About this exercise: Below, locate the line that contains "KBS2 3.1운동 100주년 특집 전야제 ‘100년의 봄’ 방송 캡처". Repeat exactly from that line to the line that contains "top san francisco", inclusive, leaving out the pictures.

Information shown:
Start of Block

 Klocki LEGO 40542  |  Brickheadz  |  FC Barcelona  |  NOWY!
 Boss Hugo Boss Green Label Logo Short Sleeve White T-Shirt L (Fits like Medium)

End of Block
Start of Block

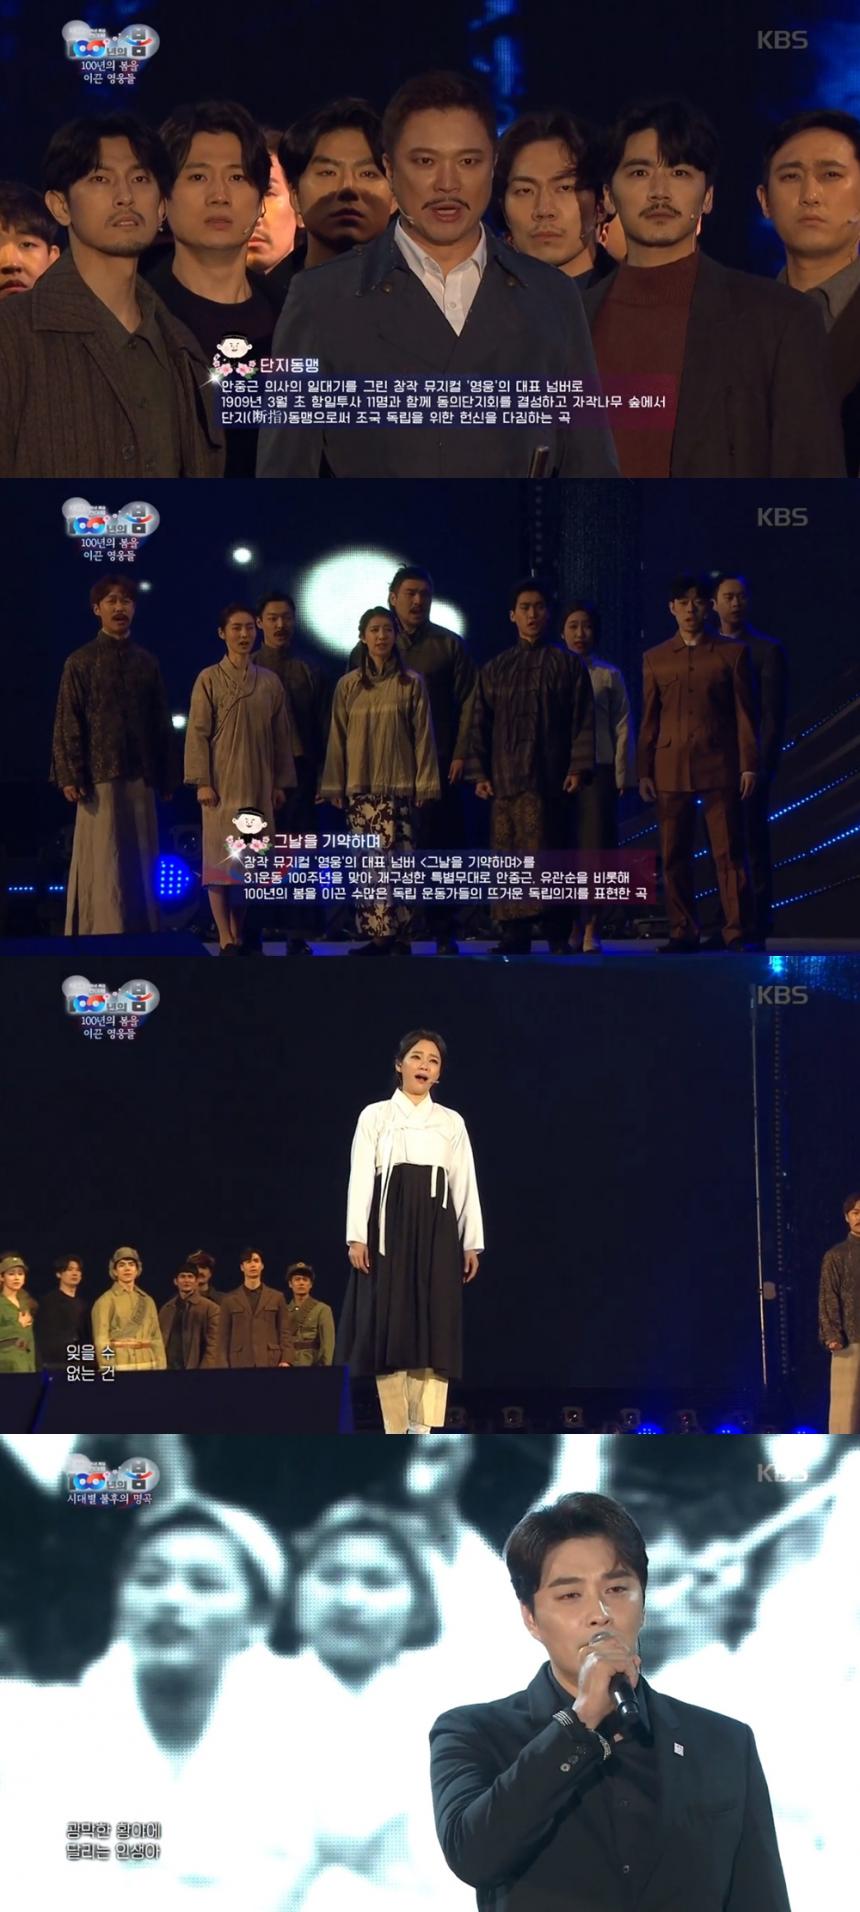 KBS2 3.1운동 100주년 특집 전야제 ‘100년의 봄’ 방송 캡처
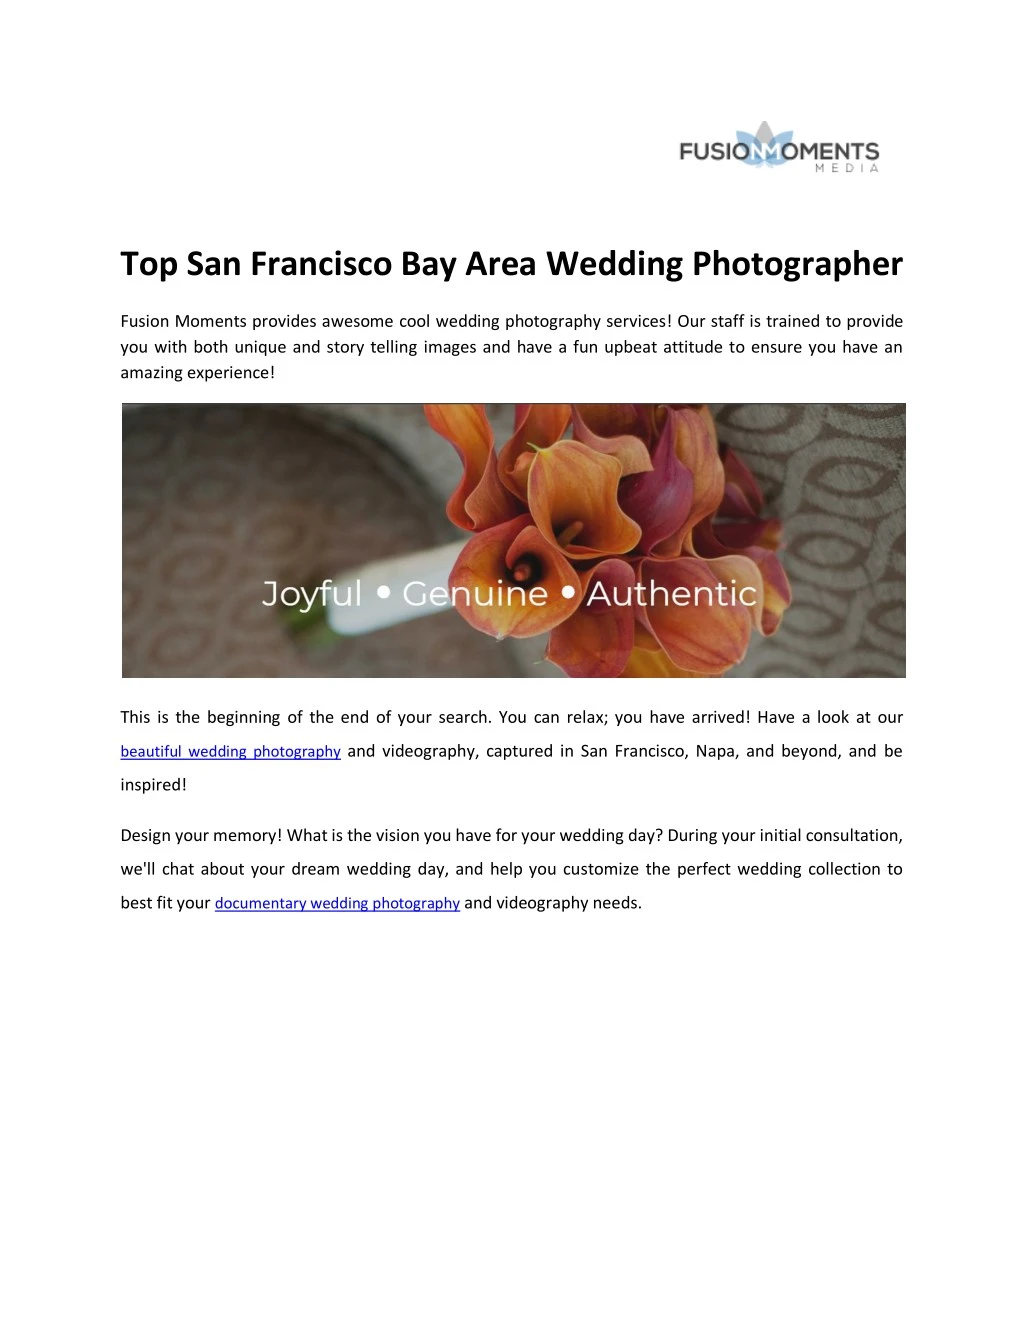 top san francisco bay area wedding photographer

End of Block

Exercise response:
 KBS2 3.1운동 100주년 특집 전야제 ‘100년의 봄’ 방송 캡처
 top san francisco bay area wedding photographer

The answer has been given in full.